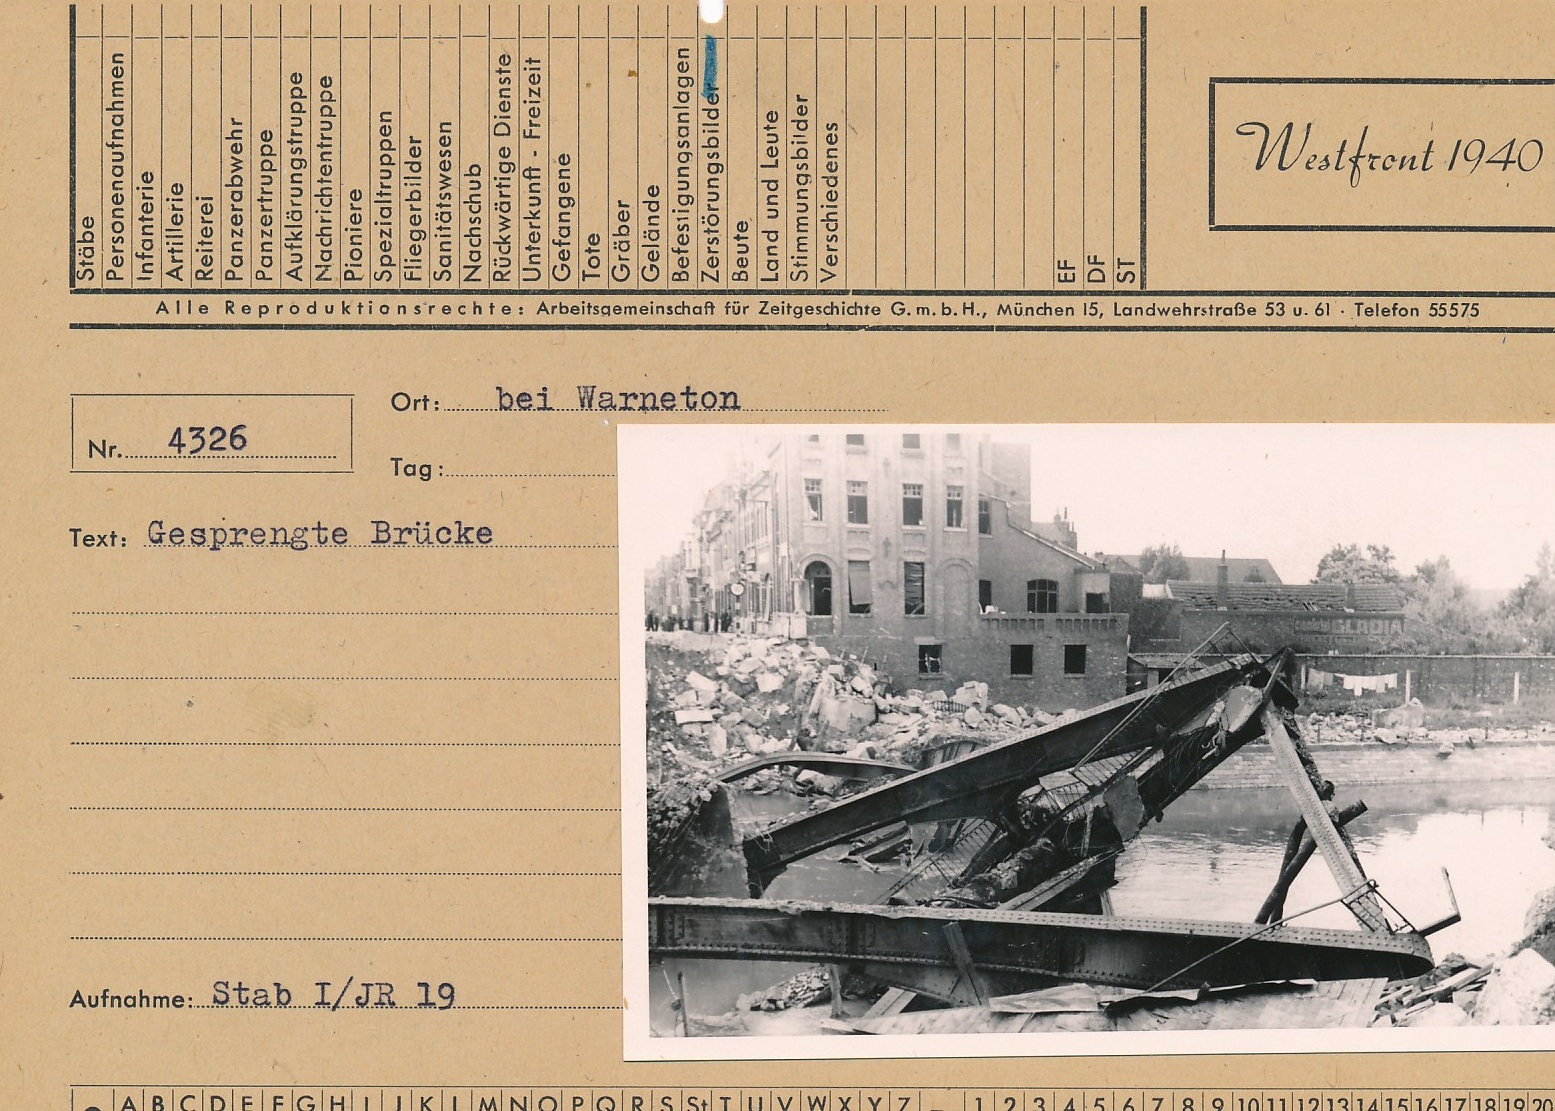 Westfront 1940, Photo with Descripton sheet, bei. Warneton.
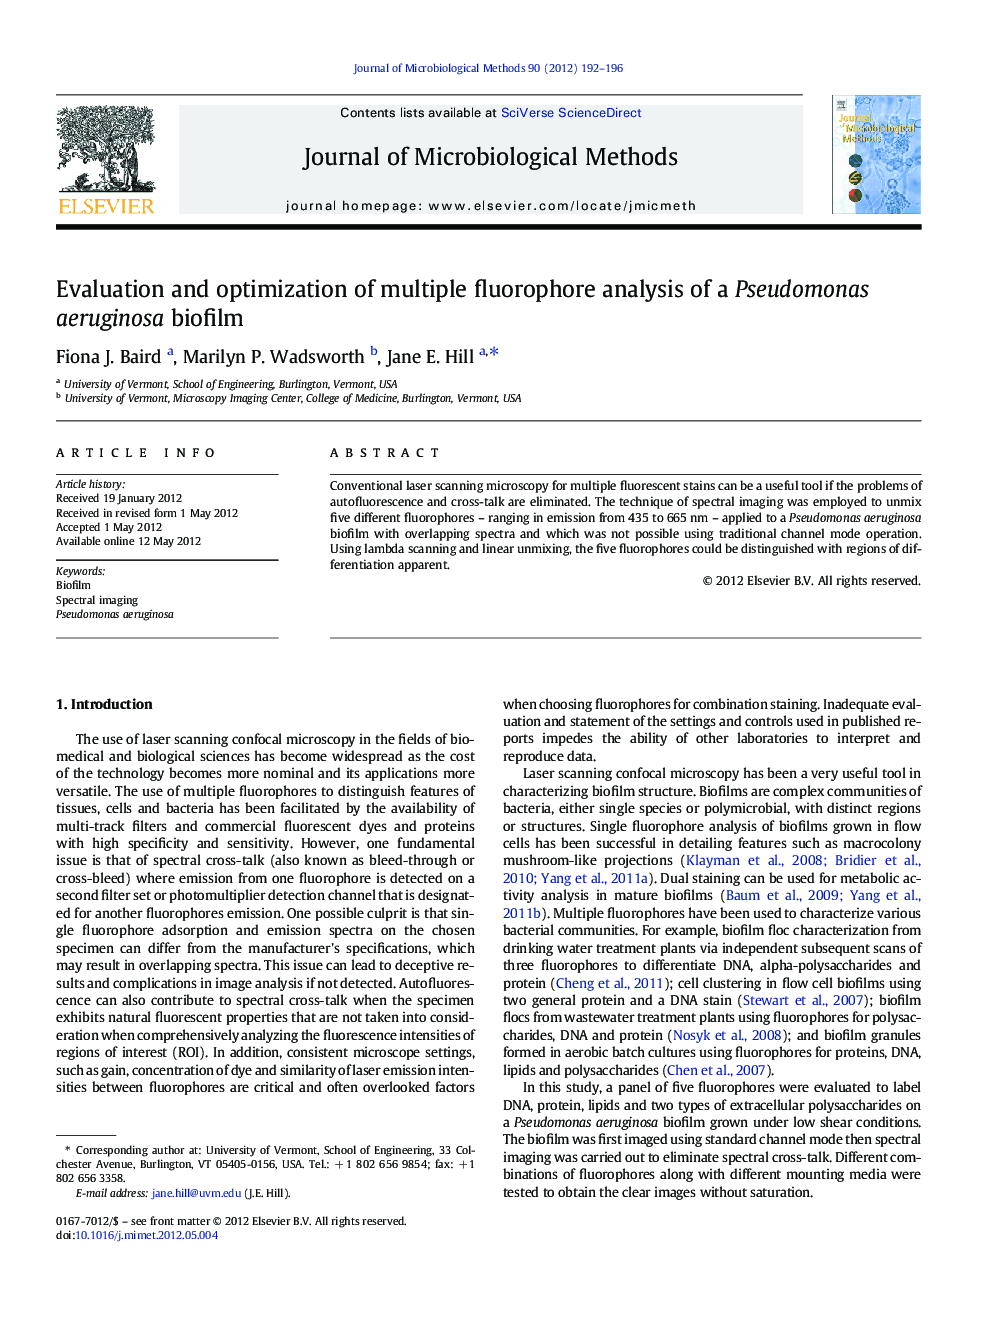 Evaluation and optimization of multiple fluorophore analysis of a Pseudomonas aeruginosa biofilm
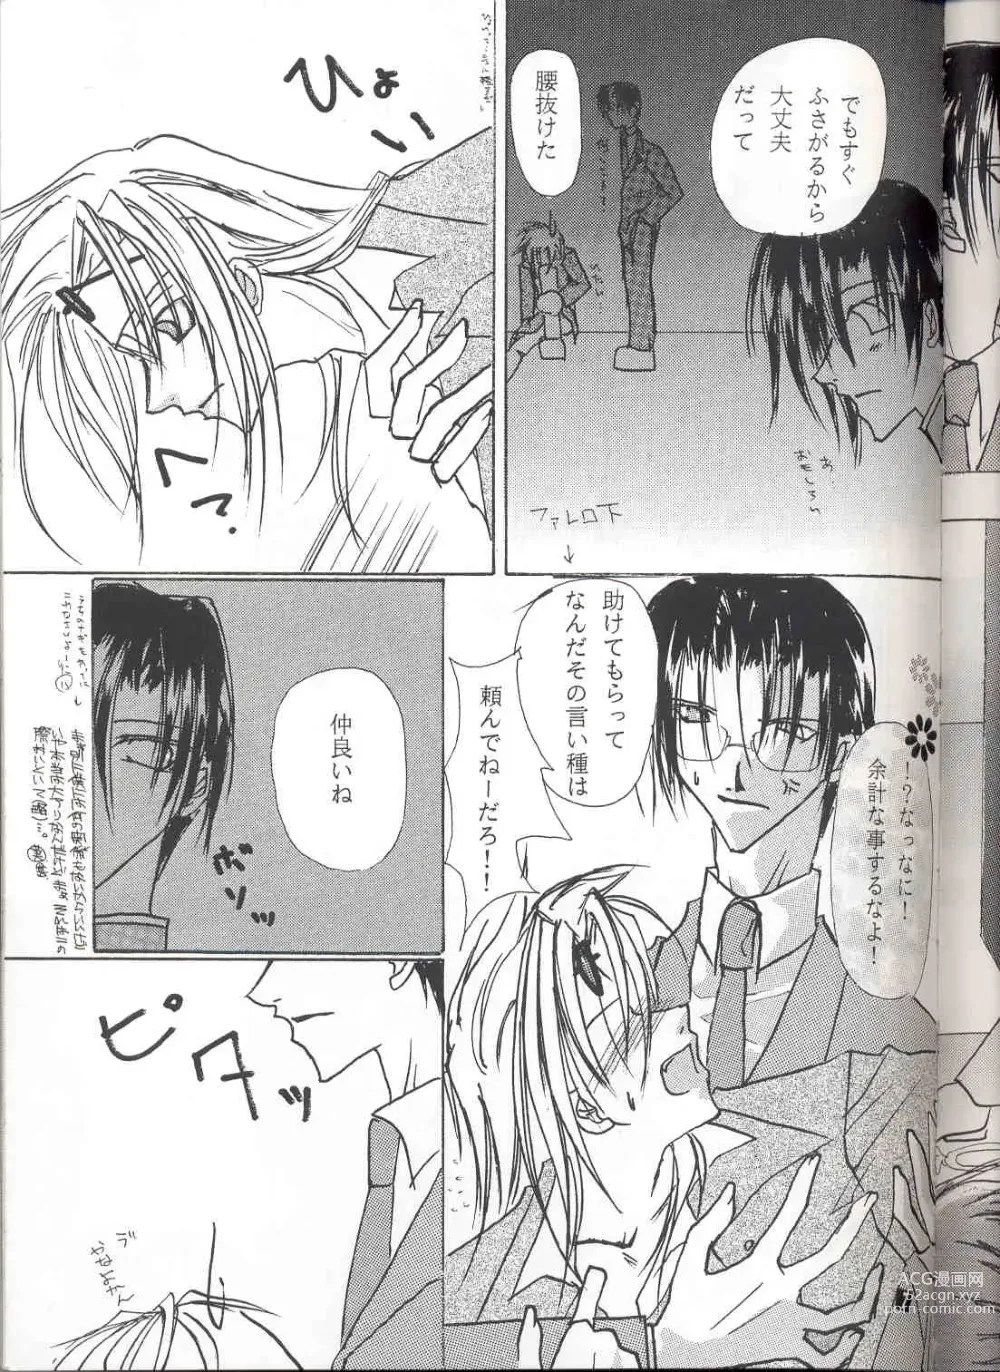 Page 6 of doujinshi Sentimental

━━━━━━━━

Would you please retype all the data exactly? Leave out whatever pictures it holds.

## TASK RESPONSE
 Westfront 1940, Photo with Descripton sheet, bei. Warneton.
 Evaluation and optimization of multiple fluorophore analysis of a Pseudomonas aeruginosa biofilm
 Page 6 of doujinshi Sentimental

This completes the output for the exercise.